Tilde is used to separate the left and right sides in the model formula.

Quote from the help for the formula

Models customized, for example, by the lm and glm functions, are indicated in compact symbolic form. The ~ operator is fundamental in the formation of such models. The expression of the form y ~ of the model is interpreted as a specification of the fact that the response y is modeled by a linear predictor defined symbolically from the model. Such a model consists of a number of terms separated by + operators. The terms themselves consist of variables and factor names, separated by operators :. Such a term is interpreted as the interaction of all variables and factors that make up a member.

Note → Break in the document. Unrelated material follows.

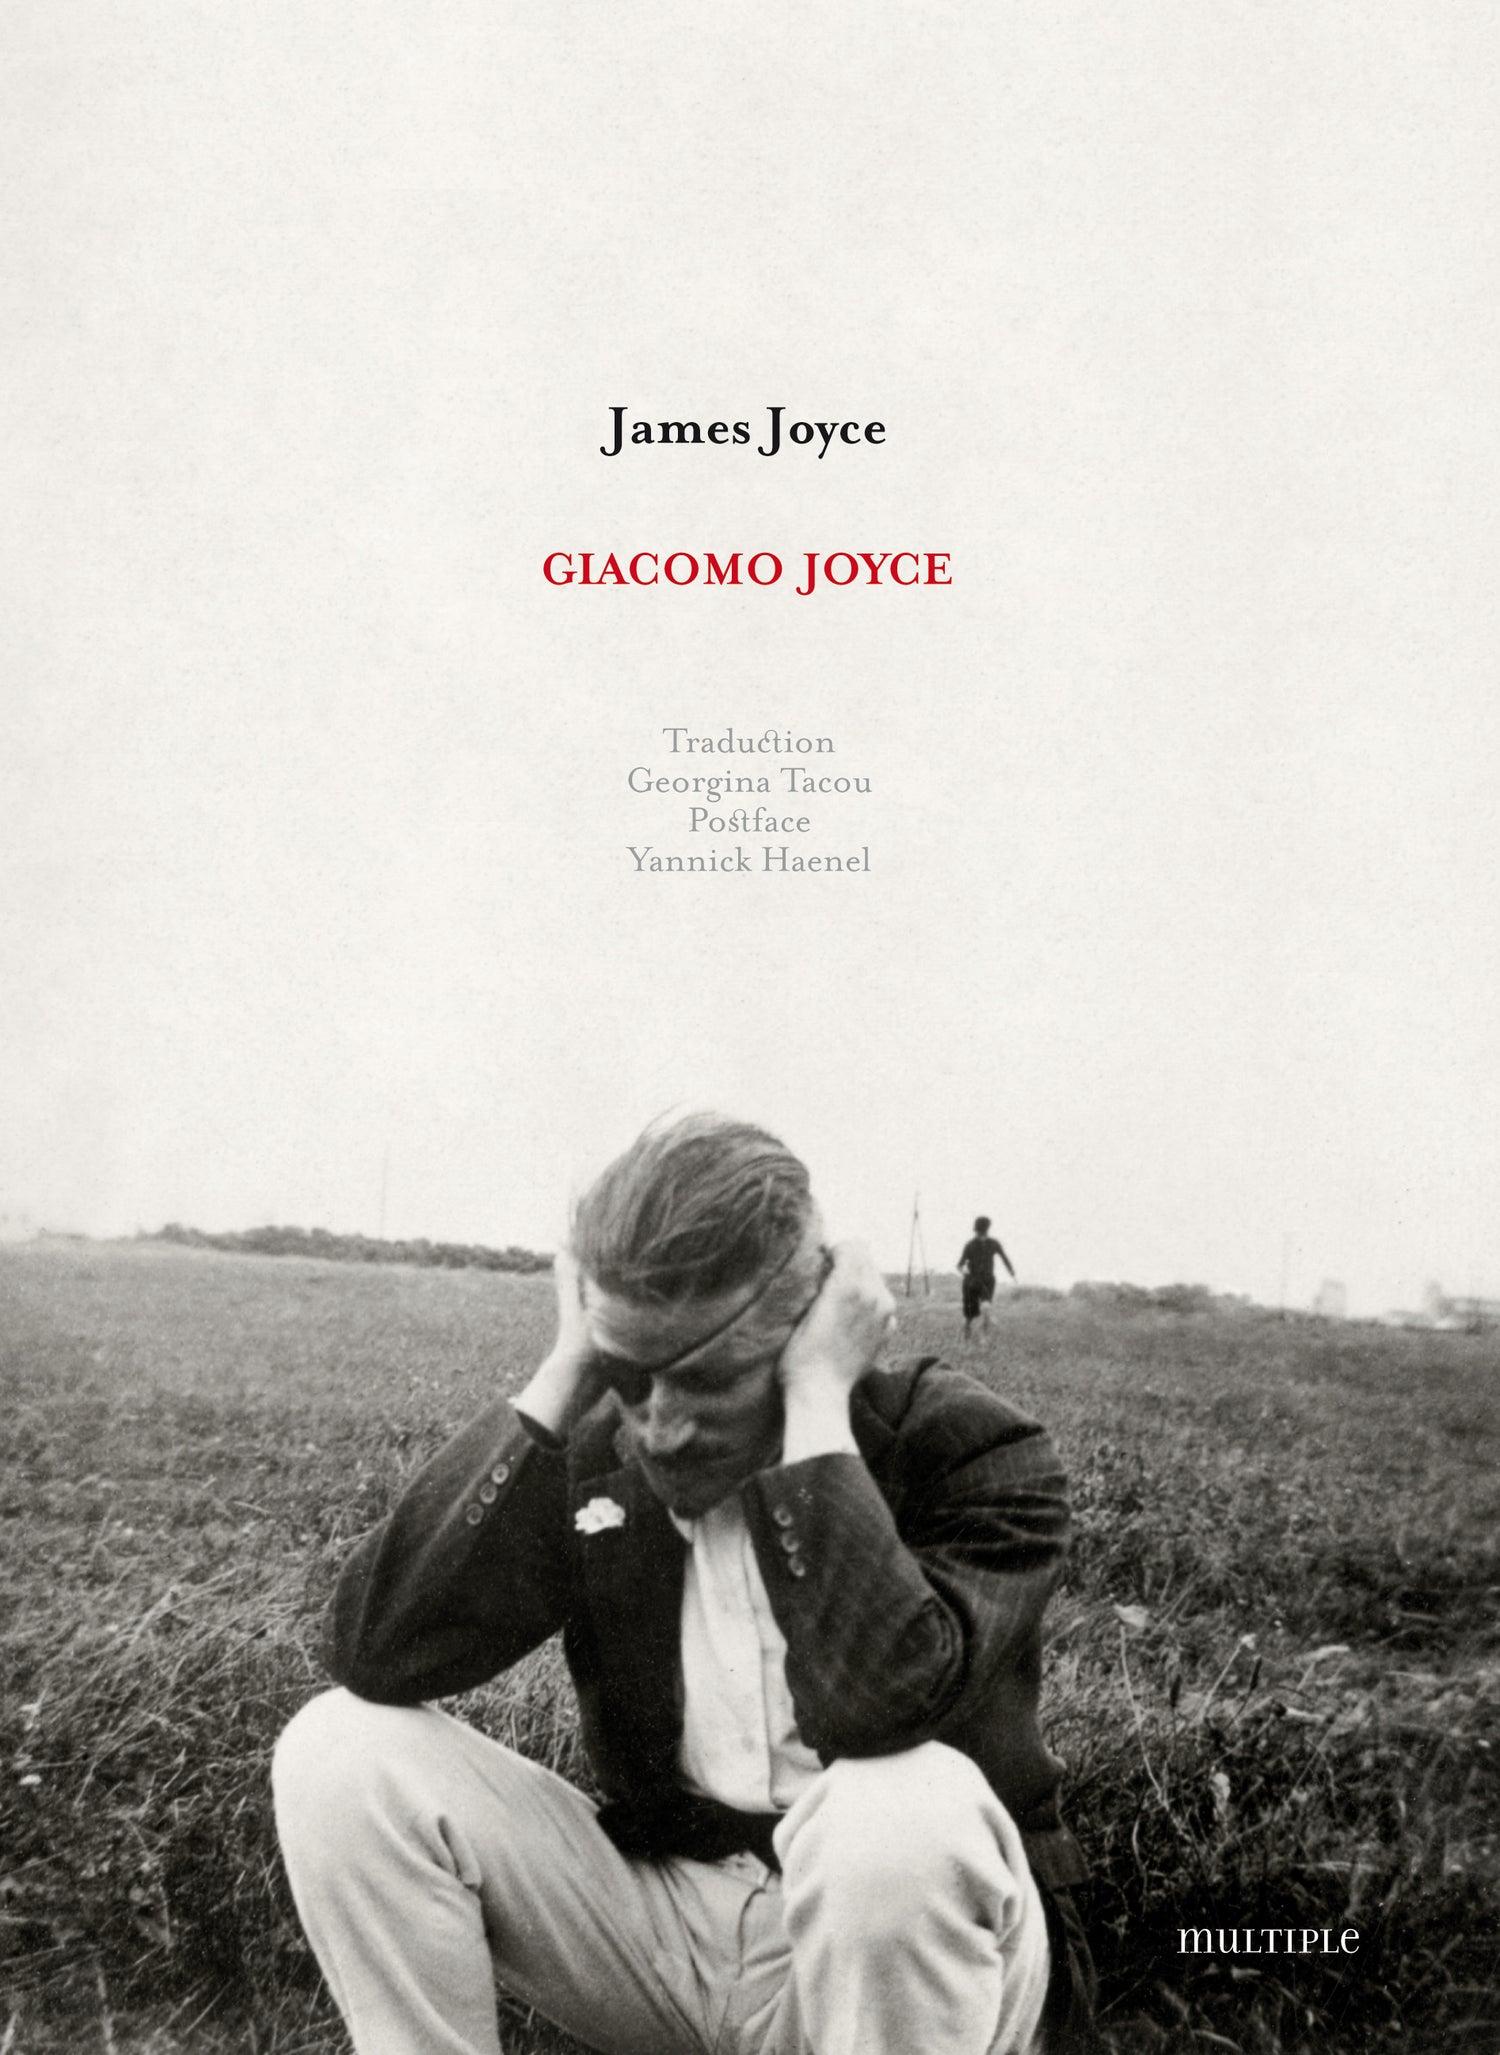 Image of James Joyce

In addition to + and :, a number of other operators are useful in model formulas. The * operator indicates the intersection of factors: a * b, interpreted as a + b + a: b. The ^ operator indicates the intersection to the indicated degree. For example, (a + b + c) ^ 2 is identical to (a + b + c) * (a + b + c), which, in turn, expands to a formula containing the main effects for a, b and c, as well their second interaction. The% in% operator indicates that the terms on their left are nested in those on the right. For example, a + b% in% a expands to the formula a + a: b. The operator - deletes the specified members, so that (a + b + c) ^ 2 - a: b matches a + b + c + b: c + a: c. It can also be used to remove the interception term: when setting the linear model, y ~ x - 1 sets the line through the origin. A model without interception can also be specified as y ~ x + 0 or y ~ 0 + x.

So regarding a specific problem with ~a+0

  • You create a model matrix without interception. Since a is a factor, model.matrix(~a) returns an interception column that is equal to a1 (you need n-1 indicators to fully indicate the n classes)

Help files for each function are well written, detailed and easy to find!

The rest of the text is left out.